- Born: 1850 Caucasus
- Died: 1876 (aged 25–26) Cairo, Egypt
- Burial: Khedival Mausoleum, Al-Rifa'i Mosque, Cairo, Egypt
- Spouse: Isma'il Pasha
- Issue: Prince Ali Jamal Pasha

Names
- Arabic: جمال نور قادین Turkish: Cemalnur Kadın
- House: Muhammad Ali (by marriage)
- Religion: Sunni Islam

= Jamal Nur Qadin =

Jamal Nur Qadin (جمال نور قادین; Cemalnur Kadın; died c. 1876) was a consort to Khedive Isma'il Pasha of Egypt.

She is described as being pretty, but having short legs. She was frivolous, always laughing and joking, and when she walked in the garden with everyone, she could never resist in taking off her shoes and stockings to paddle in the basins of the fountains. She even lifted up her skirts so high that one could see the frills of her pantalettes. She was the one who gave a slightest twinge to Neshedil Qadin, another consort of Isma'il Pasha.

Jamal Nur died in childbirth at Cairo, in 1876, and was buried there at the Khedival Mausoleum, Al-Rifa'i Mosque.

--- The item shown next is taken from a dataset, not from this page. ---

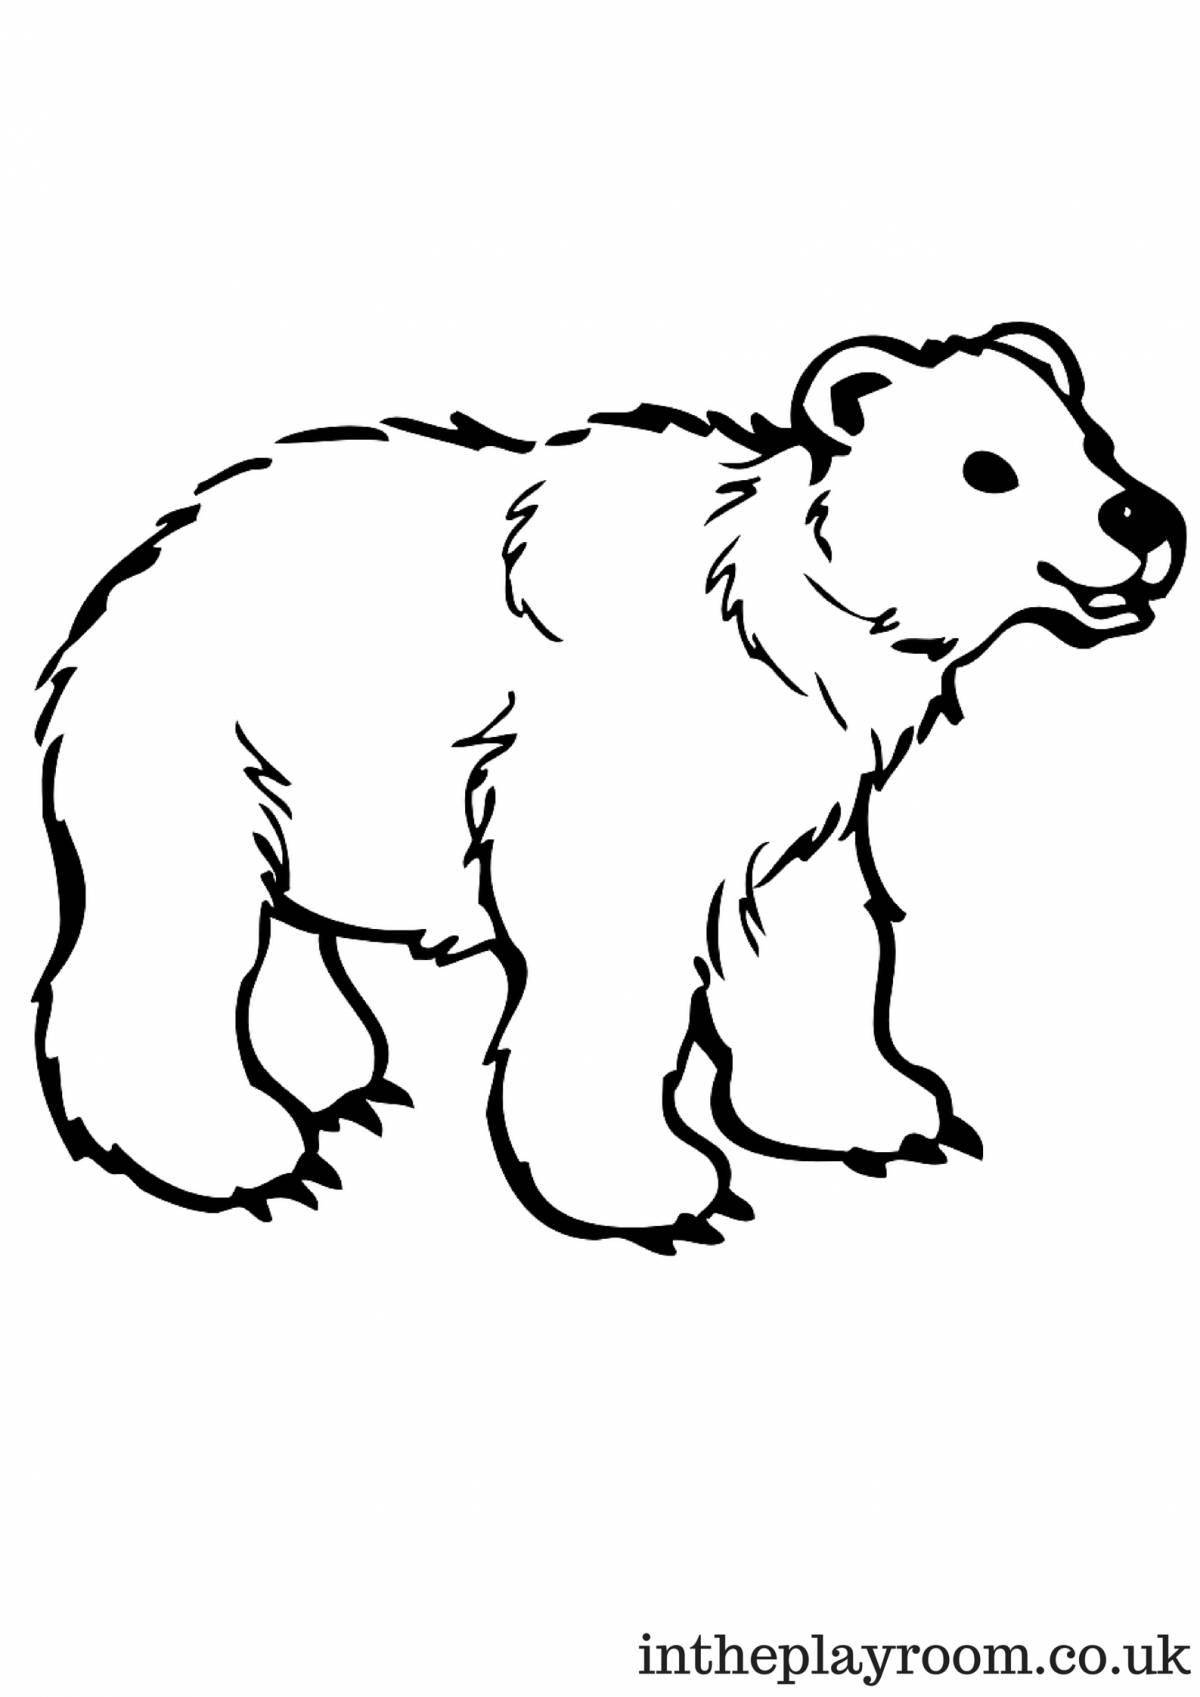 Coloring book hugging white and brown bear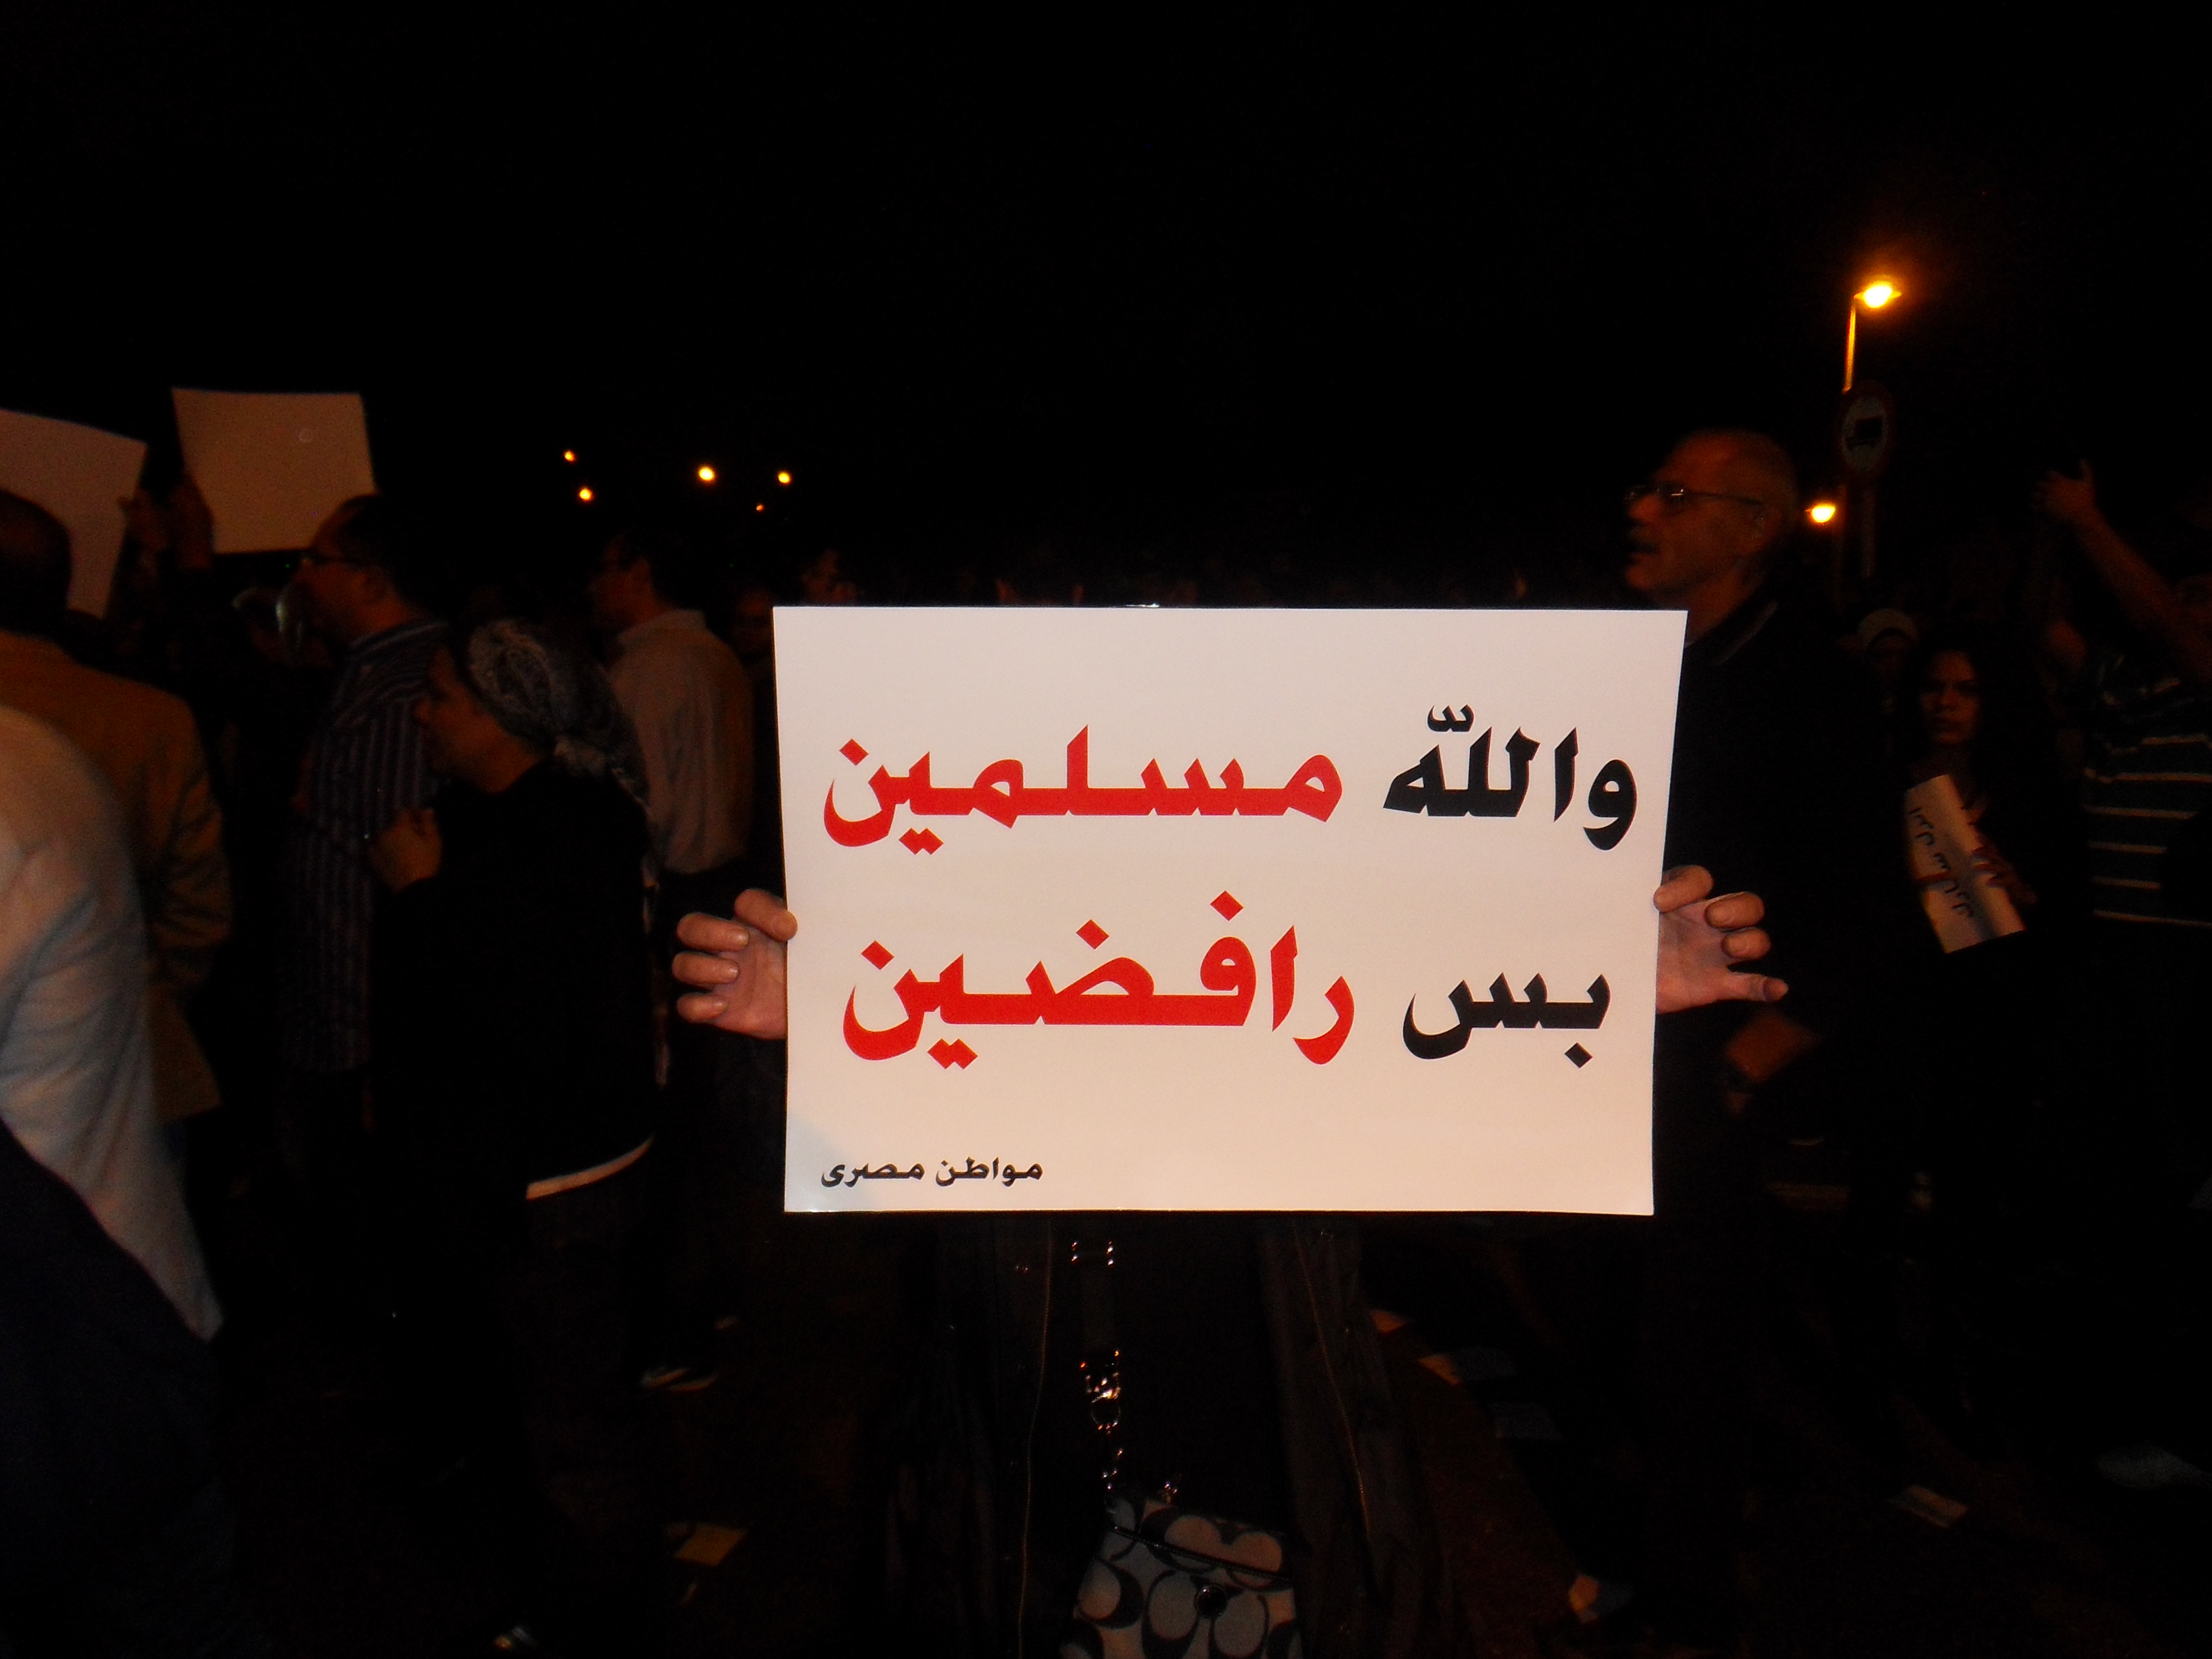 "In the name of God, we are Muslims, but we are rejecting (the recent dictatorial changes)"

Her son, Prince Ali Jamal Pasha was then bought up and cared for by Isma'il's first wife, Shehret Feza Hanim, for whom he never felt more than mildly affectionate gratitude. He, however, felt motherly love for Neshedil Qadin, who had lost her own son. He went to school at Theresianum, Vienna, where he died from diphtheria, at the age of seventeen.